# Öffenlicher Bereich > Expat Forum / Auswanderer > Hausbau in Thailand >  Mauerbau

## schiene

Im Juni haben wir beschlossen um das Grundstück auf welchem unser Haus steht eine Mauer bauen lassen.Hauptgünde sind das niemand mehr einfach so über das Grundstück läuft und
fremde Hunde alles vollscheißen.Auch möchte ich später eigene Hunde halten welche sich nur auf dem Grundstück aufhalten sollen.
Auf der Strassenseite soll es wie am Tor weitergeführt werden,also eine Mischung aus Zaun und Mauer.



An den Seiten soll eine geschlossene Mauer mit 1,70 Meter hin.
Die Rückseite des Grundstückes ist etwas abfallend und die Mauer soll da 1,80 Meter hoch werden.Da unser Haus ja auf einen erhöten Sockel gebaut ist wird immer noch genügend Luftdurchzug da sein.
Da ein Thai auf einer Seite nicht zur Familie gehört und alle der Meinung sind das er sich über Jahre hinweg immer mehr von unserem Land angeeignet hat muss das Grundstück neu vermessen werden
bevor der Bau der Mauer beginnen kann.Auf Nachfrage beim zuständigen Amt wurde meiner Frau gesagt das eine Landvermessung erst in ca. einem Jahr möglich wäre da sie zu viel Aufträge haben.

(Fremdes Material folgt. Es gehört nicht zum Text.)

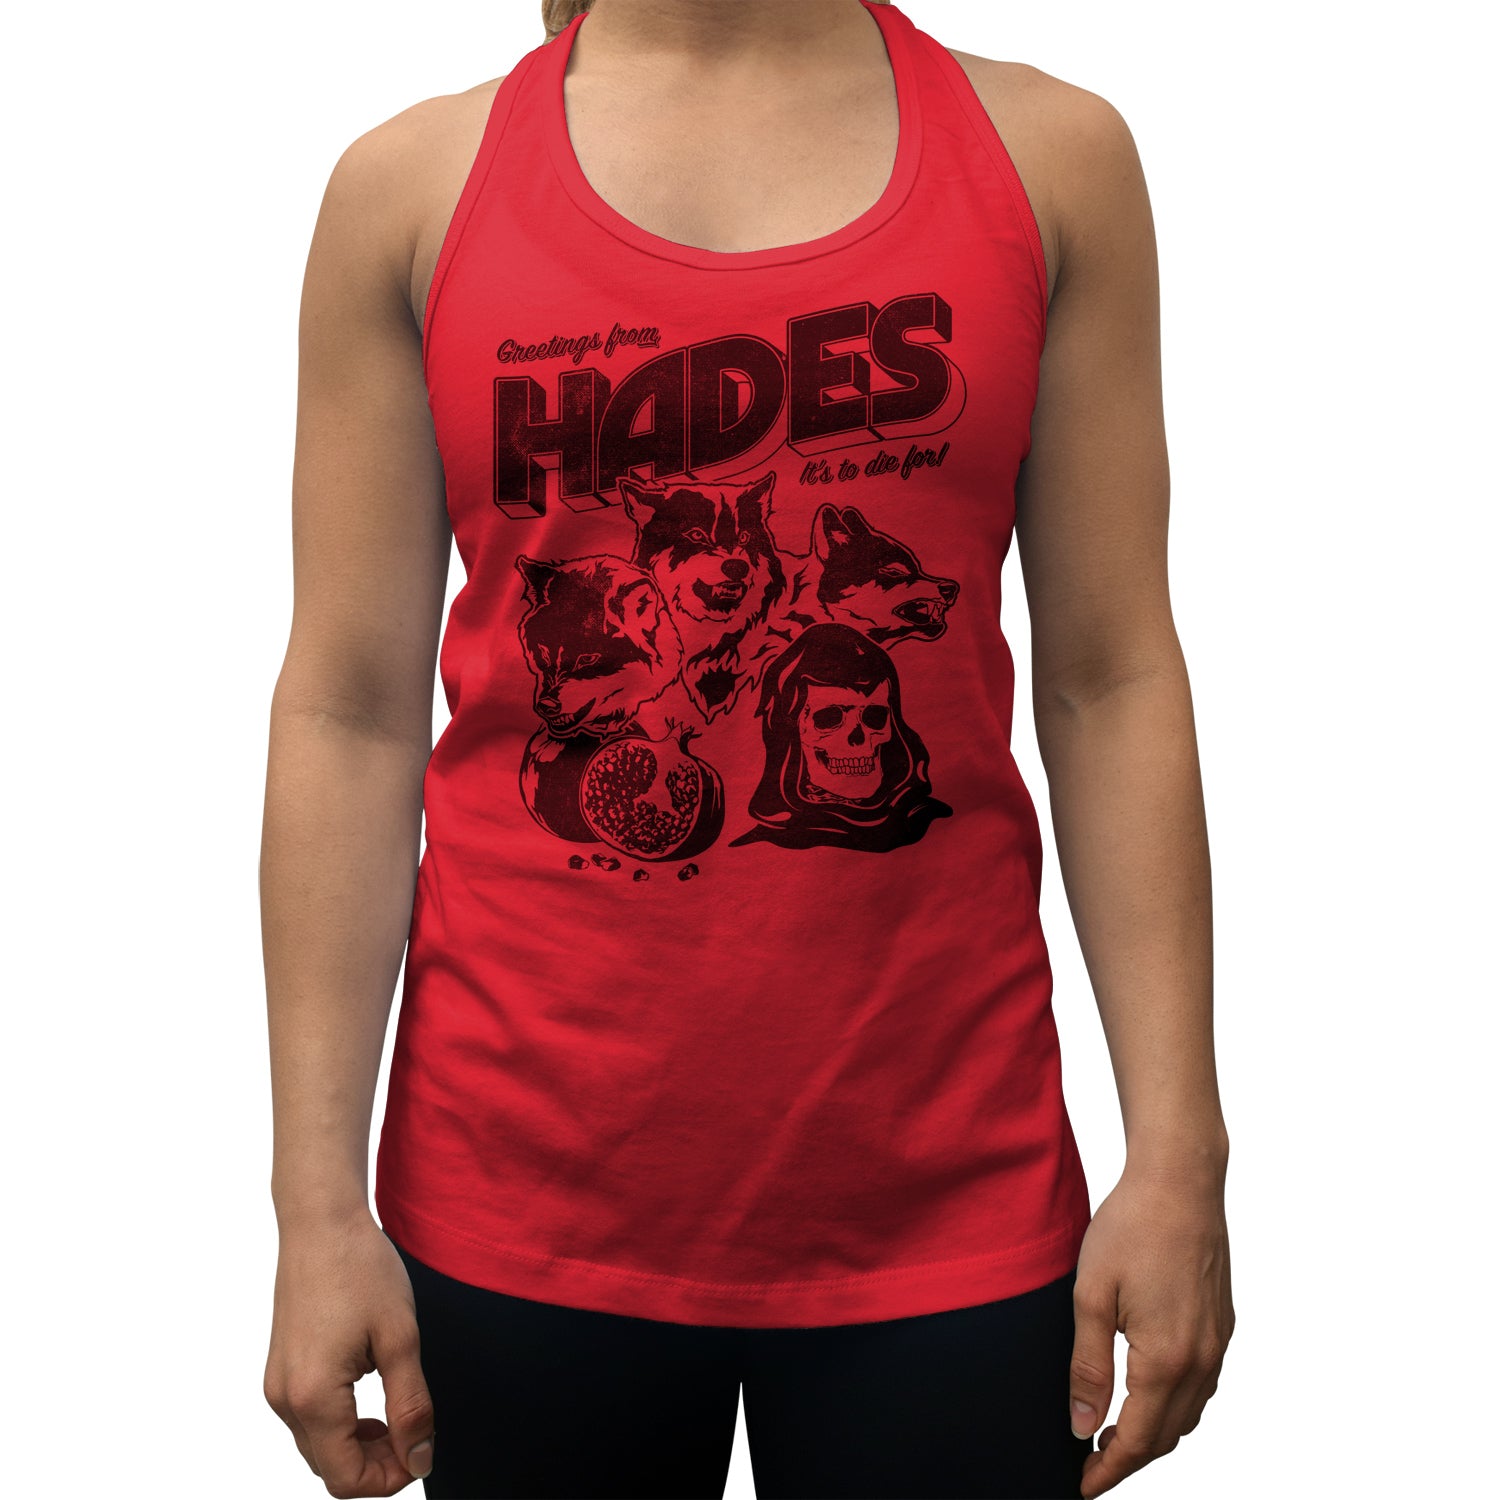 Women's Greetings from Hades Racerback Tank Top

Aber wie es der Zufall will  ::   liegt genau vom zuständigen Amt gegenüber ein privates Landvermessungsbüro mit staatl.Lizenz welche gegen Geld den Auftrag gleich ausführen würde.





Die Vermessung sollte am 10 .7.Vormittags statt finden.Der Preis dafür war hoch,sehr sehr hoch wie ich meine....18.000 Bth 
Einen Tag vor der Vermessung riefen sie an dass es erst am 17.07.2015 klappt.Eigentlich wollten wir bei der Vermessung dabei sein aber am 17. sind wir
schon wieder in Deutschland.Naja, muss halt jemand aus der Familie dabei bleiben.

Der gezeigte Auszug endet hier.